Walking distance from here, you’ll find the famous Reclining Buddha, which is definitely worth a visit: no matter how big you think it is, it’ll be bigger! And the Giant Buddha is not the only attraction, the temple in itself is stunning, too: go around 5pm to experience it both in the daylight and when they turn on the lights at night.
The Snake Farm
I couldn’t recommend this place more for kids (thank you, Mush!). The Snake Farm is definitely something you won’t find on many travel guides: it’s a shame, because it’s so worth a visit!
The farm is part of the Red Cross centre, it’s 95 years old, and it’s the second biggest snake farm in the world! The work they do here is also very important: they study snakes, extract their venom, and create antivenin for the deadliest snake species on earth.
If you go, don’t miss the “snake handling” presentation, where they teach you to recognise different snakes in the wilderness (it can save your life!).
Just so you know, if you come here by public transport, you’ll have to take the green line of the Skytrain, and then walk for about 10 minutes.
Venom Extraction: Monday to Friday 11am.Snake handling: Monday to Friday 2.30pm, weekends and holidays 11am.
Bangkok in November: Loi Krathong Festival
We stayed in Bangkok in November, and on top of being a perfect month to visit, we could join the celebrations of the Loi Krathong festival, where everybody heads to a river or a lake to release their Krathongs (beautiful lotus-shaped “boats”) in the water to wash away their sins and pay respects to the goddess of the river for good luck.
We celebrated it in the Benchasiri Park, bought our materials at the market to make our Krathong from scratch (there are special stands on the morning of the festival, or you can also buy your already-made Krathong at the entrance of the park), and we simply loved this little tradition (for more info, this is a great post).
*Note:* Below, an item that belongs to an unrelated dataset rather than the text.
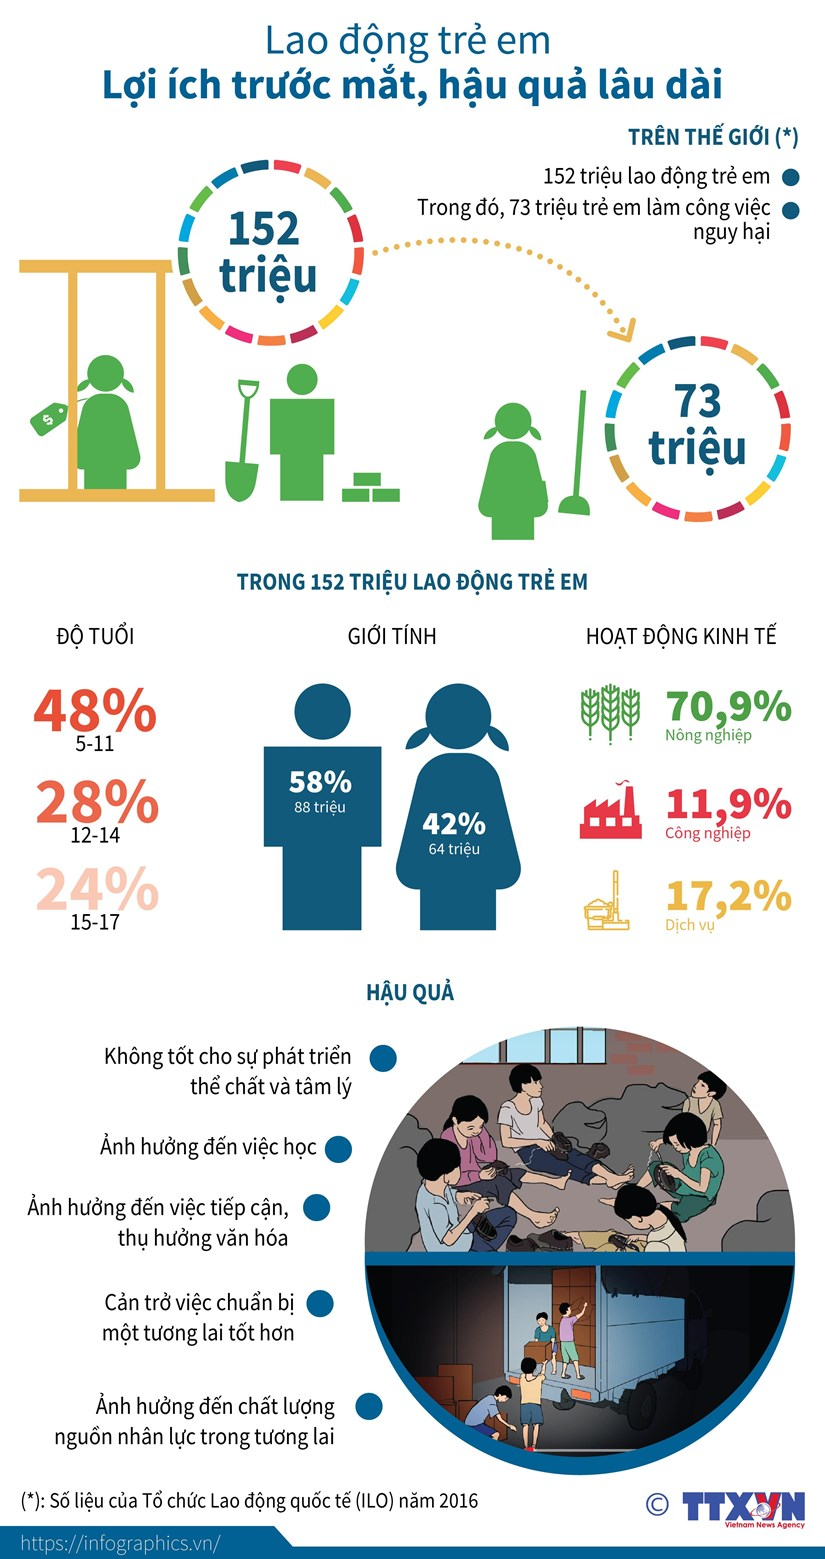 [Infographics] Lao dong tre em: Loi ich truoc mat, hau qua lau dai hinh anh 1

Day trip from Bangkok: Wat Bang Kung + Mae Klong railway market + Amphawa floating market
We knew we wanted to see the famous railway market and a typical Thai floating market, so we decided to combine them into a day trip.
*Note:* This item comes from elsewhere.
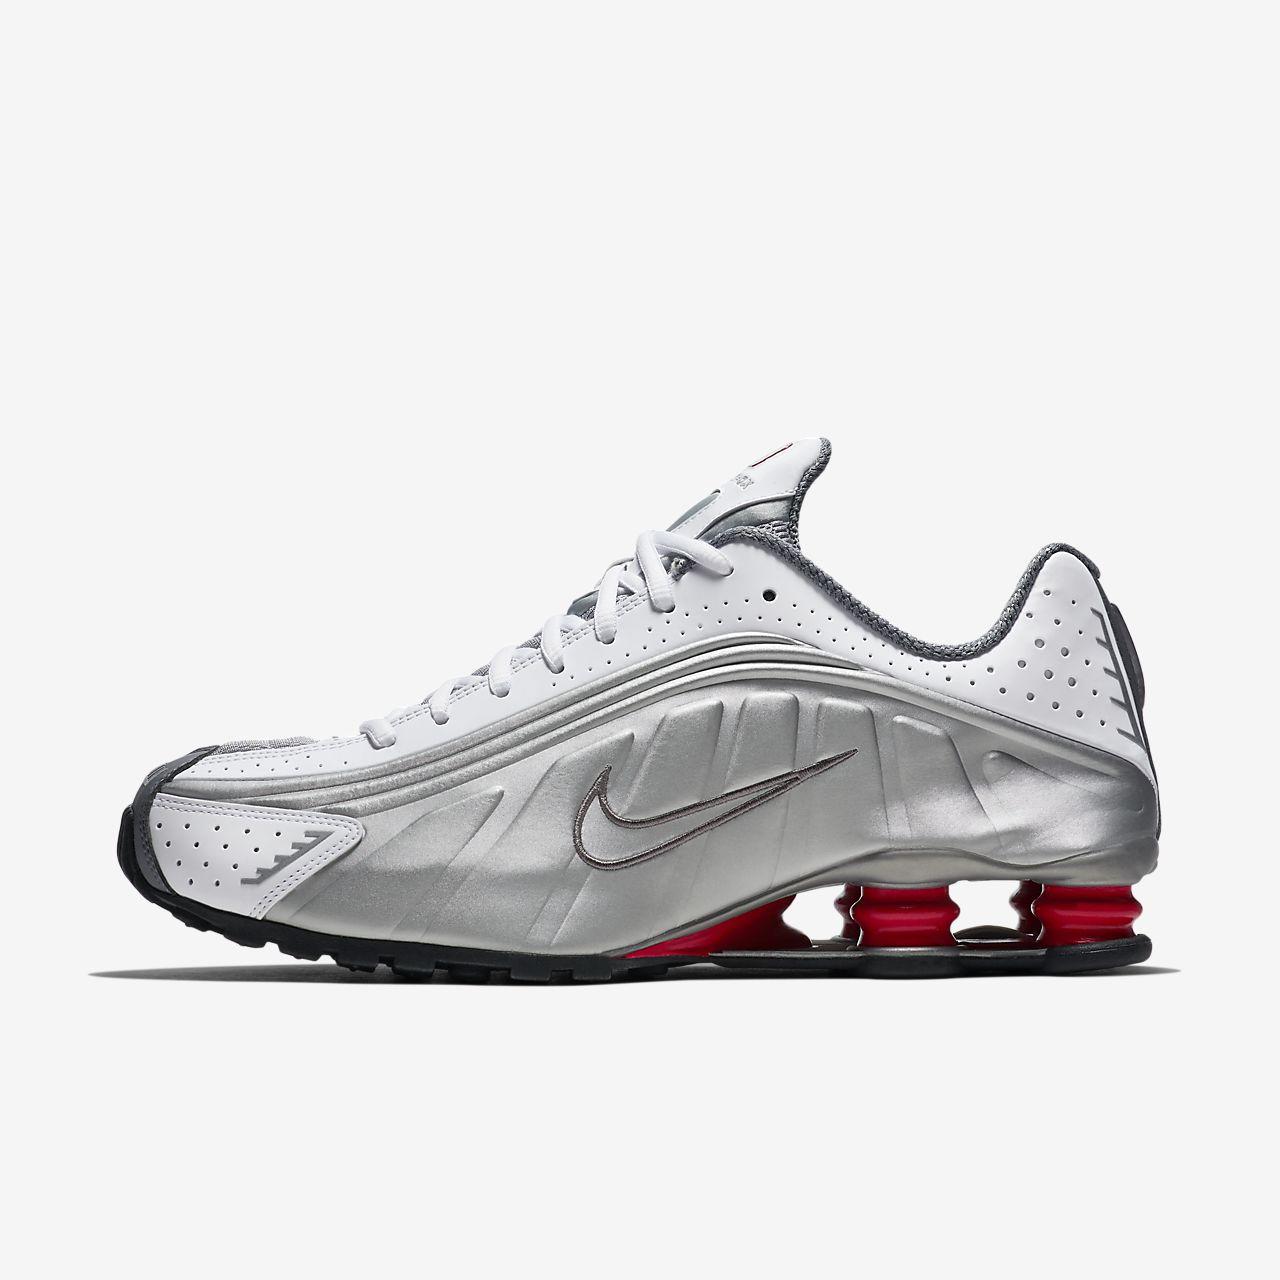 Nike Shox R4 Schuh

We chose this Klook private day tour.
Wat Bang Kung Temple
Wat Bang Kung is definitely one of the most peculiar and memorable temples we visited in Thailand: the big banyan tree that surrounds it has become an actual part of it and its big roots are most likely the reason why this very old temple still stands.
This tiny temple also witnessed the training of thousands of villagers to become soldiers, which is why you’ll see statues of fighters everywhere.
Curious things we learnt from our guide:
- The Thai Buddha statues are all made with precious materials and then covered in concrete: over time, the concrete runs off and the statue reveals its “true colours”.
- Each different position of the statues represents a phase of Buddha’s life: the statues are pretty much like the Buddha’s life photos.
- You always have to burn three incense sticks at Buddhist temples, for good luck.
Mae Klong railway market
The railway market experience in Mae Klong was almost surreal, and probably still to date one of the most memorable experiences in Thailand. In our tour we experienced the railway market from the ground AND from the train!
The guide wanted to stay near a cafe as she was worried about the kids, but we asked to go right in the middle of the market for the authentic experience (which I highly recommend!).
Curious things we learnt from our guide:
- The market was there before the railway, so when the railway was built, people just refused to change their market spot, and adapted.
- Today, 7 times a day, at the sound of a whistle, they quickly move all their stands and products to let the train pass… and it literally passes a few cm from the stand and your nose!
Amphawa Floating Market
We were worried about taking the kids to two markets in one day, but it turned out great! We chose the floating market in Amphawa instead of the closer one in Bangkok or the most famous one in Damnoen Saduak, because we always prefer less touristic places. And we scored!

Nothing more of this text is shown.